*** Opening of PROVIDED MATERIAL ***
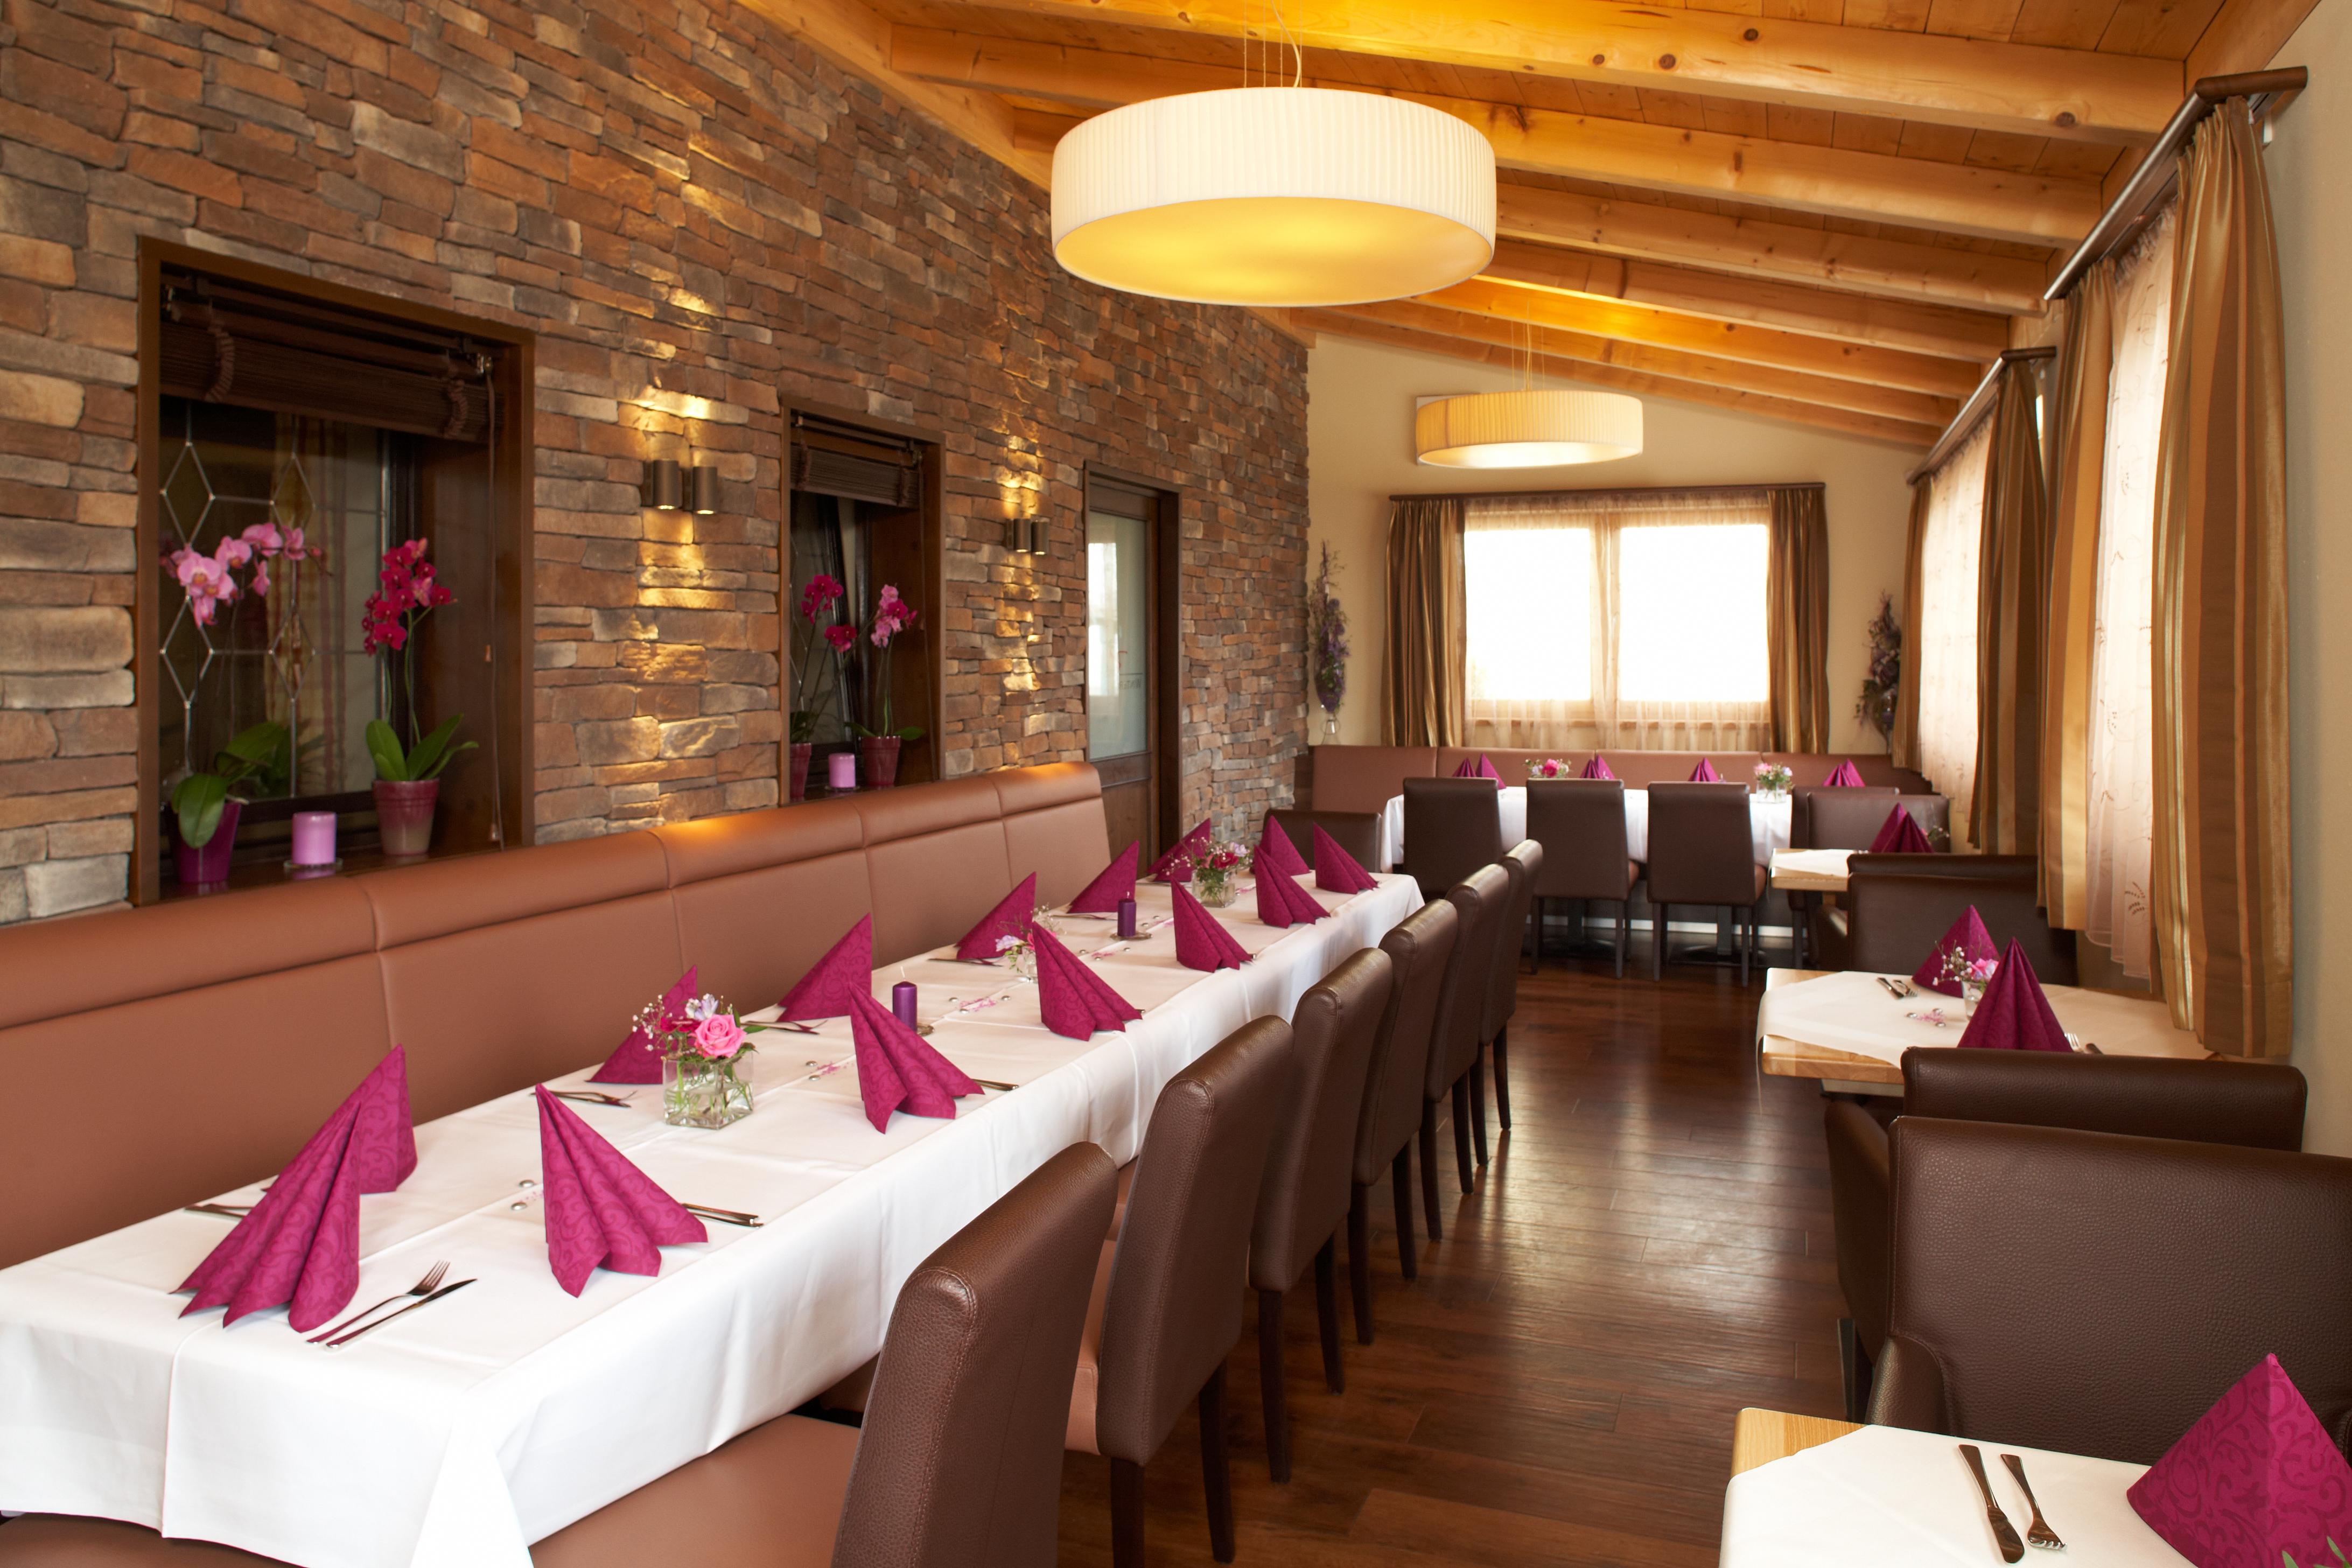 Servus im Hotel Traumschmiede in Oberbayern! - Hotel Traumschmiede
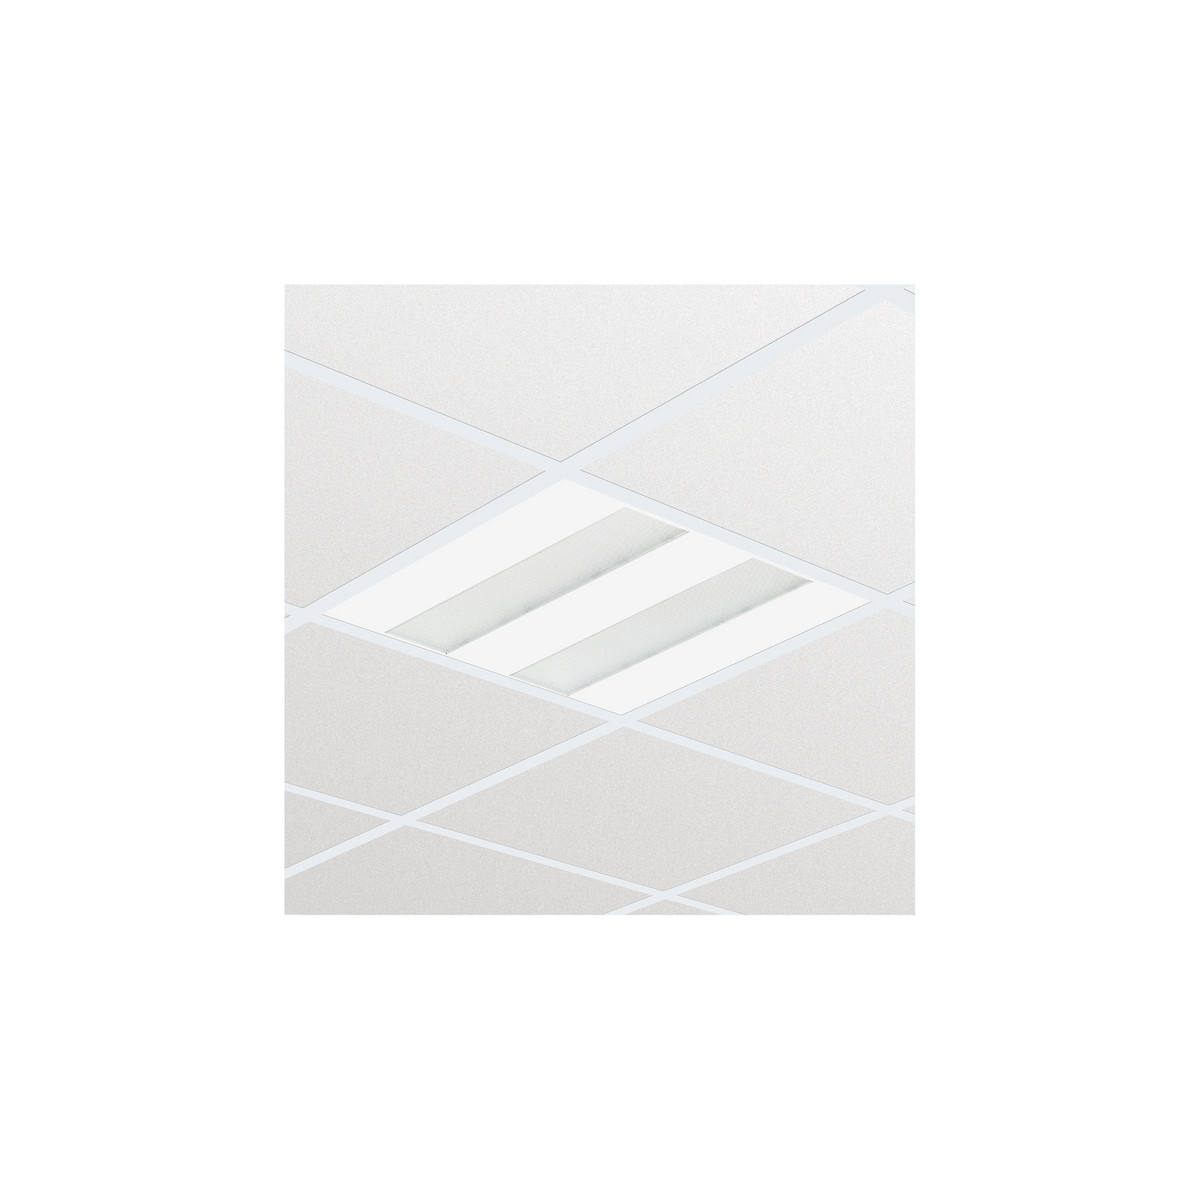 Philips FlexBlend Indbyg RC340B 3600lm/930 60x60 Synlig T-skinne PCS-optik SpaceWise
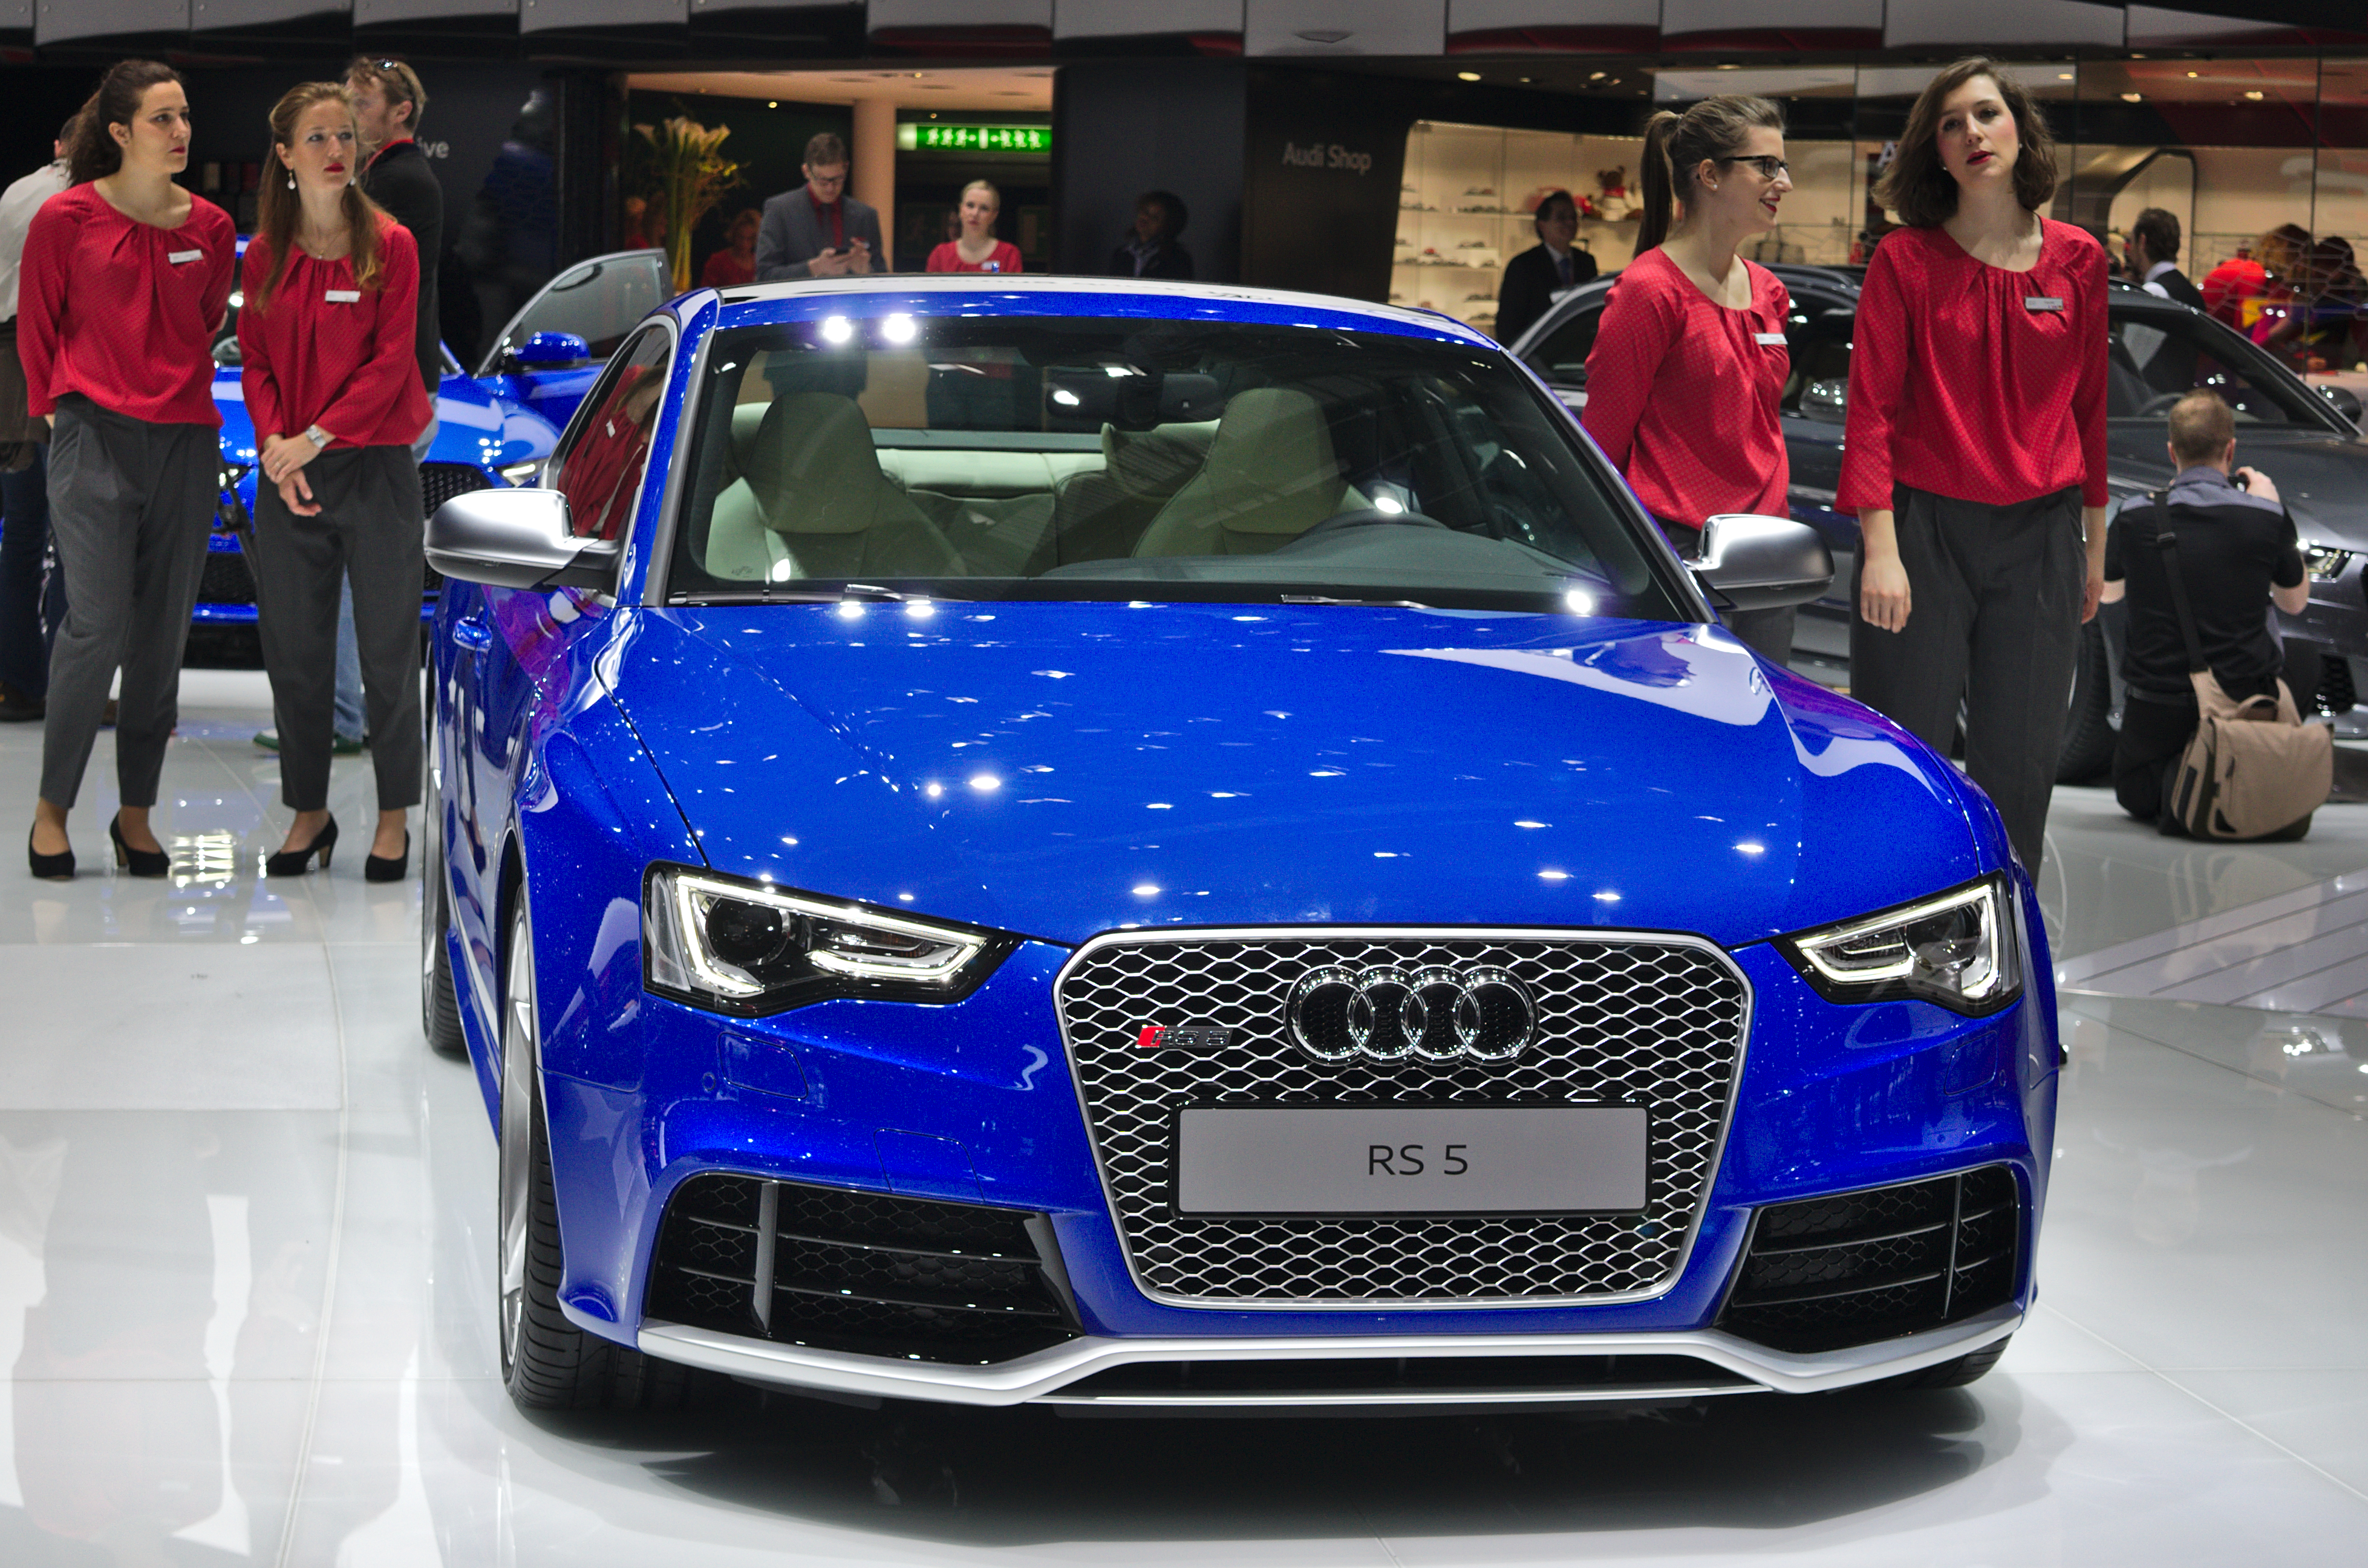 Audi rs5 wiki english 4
*** Close of PROVIDED MATERIAL ***
AIM OF THE EXERCISE – Write out again every line above exactly as given; the pictures do not belong in the copy.

EXERCISE ANSWER –
 Servus im Hotel Traumschmiede in Oberbayern! - Hotel Traumschmiede
 Philips FlexBlend Indbyg RC340B 3600lm/930 60x60 Synlig T-skinne PCS-optik SpaceWise
 Audi rs5 wiki english 4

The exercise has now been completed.